The backup and restore tools can be used in both the development and clustered environment with either Cloudera or Horton Works distributions. To run the backup and restore scripts in a clustered environment, the user running the scripts needs to have sudo access to be able to run commands as HBase user (user under which HBase server runs), HDFS user and Trafodion user without requiring to enter a password. However sudo access is not needed when the scripts are run in the development environment. In a clustered environment one possibility is that root or some admin type id is used to run backup and restore. An alternative is that trafodion user is given access to run any command under the HBase or HDFS user id with a password prompt. If this acceptable from a security perspective it can be achieved by adding this line to /etc/sudoers
trafodion ALL=(hbase) NOPASSWD: ALL, (hdfs) NOPASSWD: ALL, (trafodion) NOPASSWD: ALL
Both backup and restore use the TrafExportSnapshot which requires read and write access to these locations:
The ./run_full_trafodion_backup.sh script performs full offline backup of all trafodion tables and copies the backup files to an HDFS location.

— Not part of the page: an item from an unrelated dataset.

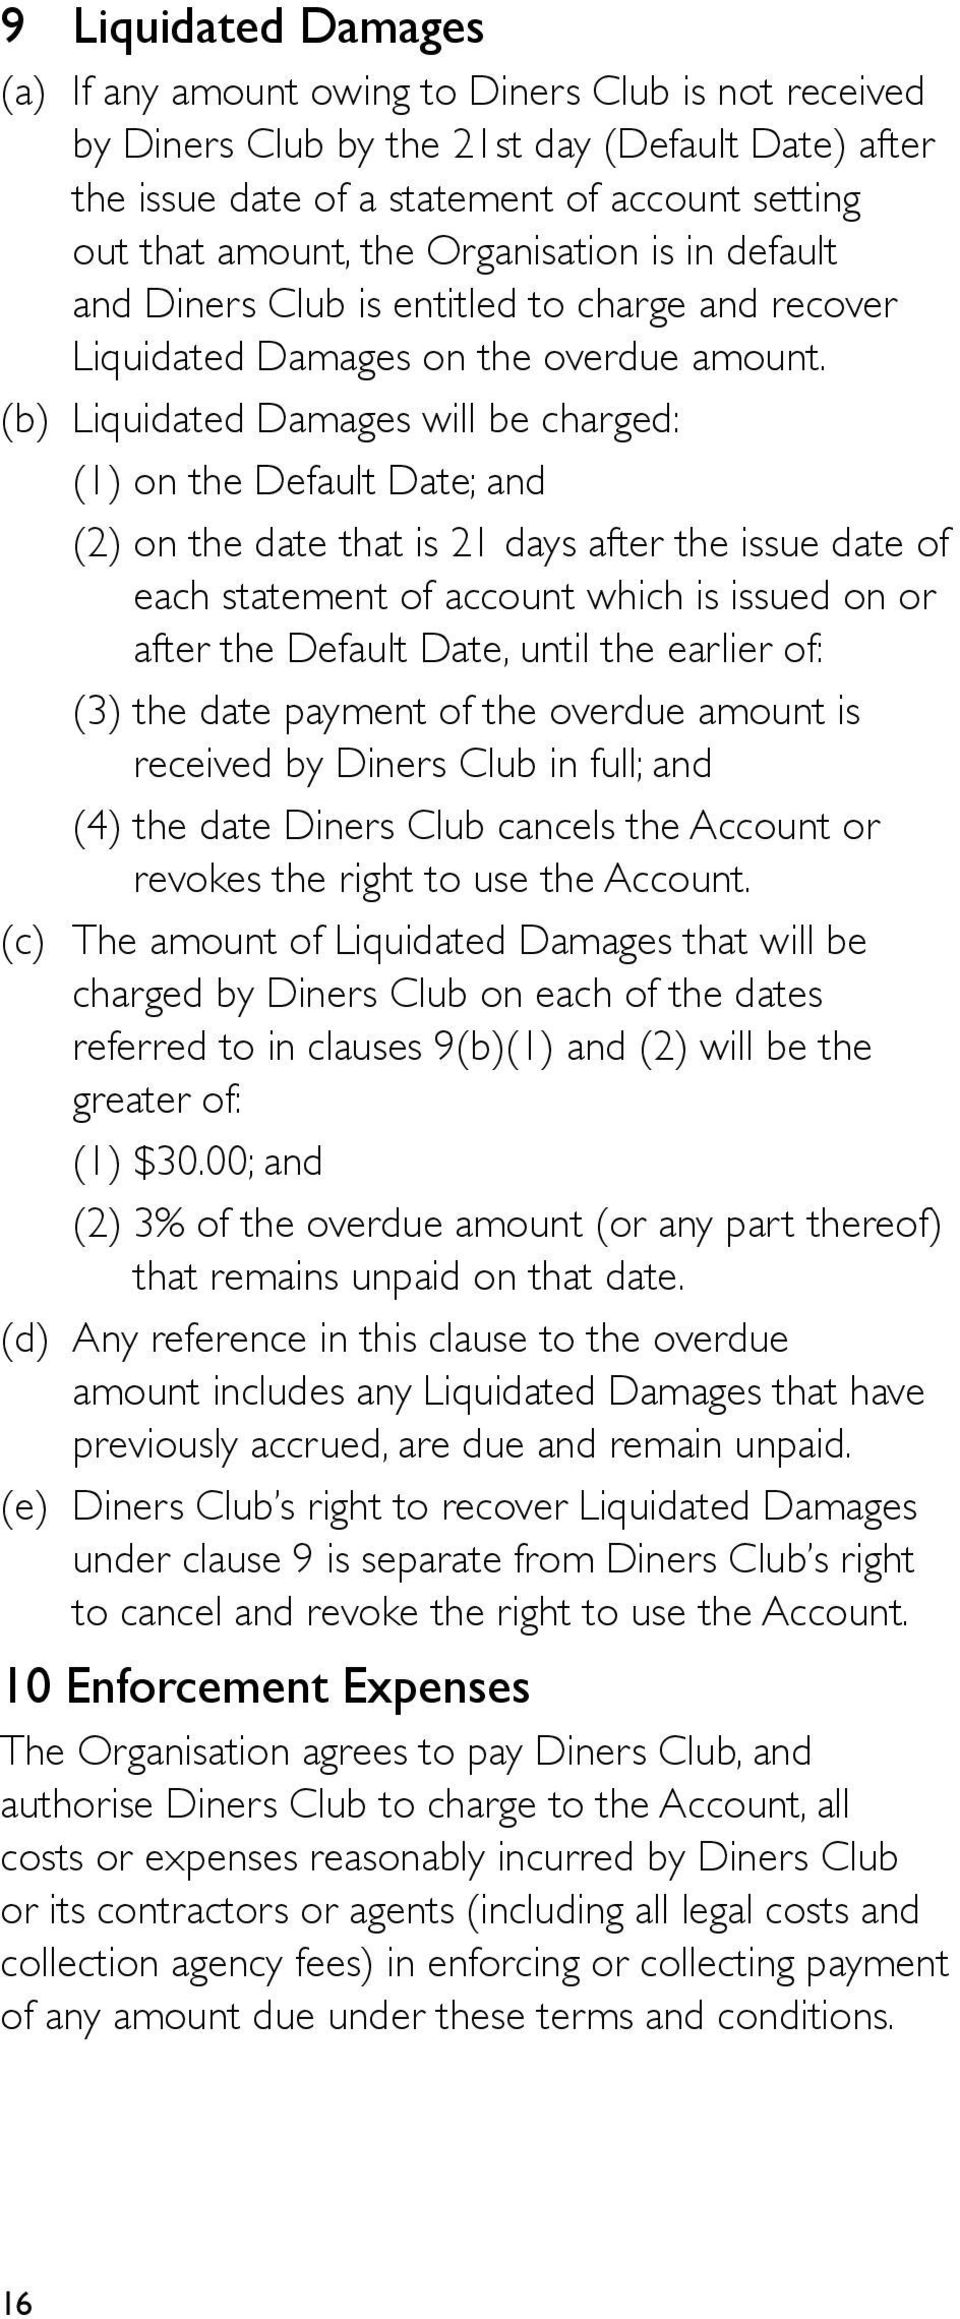 (b) Liquidated Damages will be charged: (1) on the Default Date; and (2) on the date that is 21 days after the issue date of each statement of account which is issued on or after the Default Date,

The command to use the script is as follows:
./run_full_trafodion_backup.sh -b backup_folder -u trafodion_user -h HBase_user -d hdfs_user -m mappers -l 10 -n -o Where: -b backup_folder (Optional) HDFS path where all the Trafodion object are exported and saved The HDFS path needs to have a format like hdfs://<host>:<port>/<folder>/... If the path is not provided the script generates a path with a format like hdfs://<host>:<port>/trafodion-backlups/backup_<timestamp> and unless -n is specified the user is asked whether to confirm the use of the generated path. -u trafodion user (Optional) The user under which Trafodion server runs. If not provided and if -n option is not specified the user is asked whether the default trafodion user 'trafodion' can be used or not. If the answer is yes then the default trafodion user is used otherwise the script exits. -h hbase user (Optional) The user under which HBase server runs. If not provided the script tries to compute it and if it does not succeed it considers using the default HBase user 'hbase'. Unless the -n option is specified, the user is asked to confirm the selection afterwards. -d hdfs user (Optional) The user under which HDFS server runs. If not provided the script tries to compute it and if it does not succeed it considers using the default HDFS user 'hdfs'. Unless the -n option is specified, the user is asked to confirm the selection afterwards.''
-m mappers
(Optional) Number of mappers. If unspecified or 0, each snapshot will use a number suitable for its size.
-n
(Optional) Non interactive mode. With this option the script does not prompt
the user to confirm the use of computed or default values when a parameter
like trafodion user, hbase user, hdfs user or backup path is not provided.
-o
(Optional) offline. With this option trafodion will not be restarted after
snapshots are taken.
-l
(Optional) Snapshot size limit in MB above which map reduce is used for copy. Snapshots with size below this value
will be copied using HDFS FileUtil.copy. Default value is 100 MB. FileUtil.copy is invoked through a class provided
by Trafodion. Use 0 for this option to use HBase' ExportSnaphot class instead.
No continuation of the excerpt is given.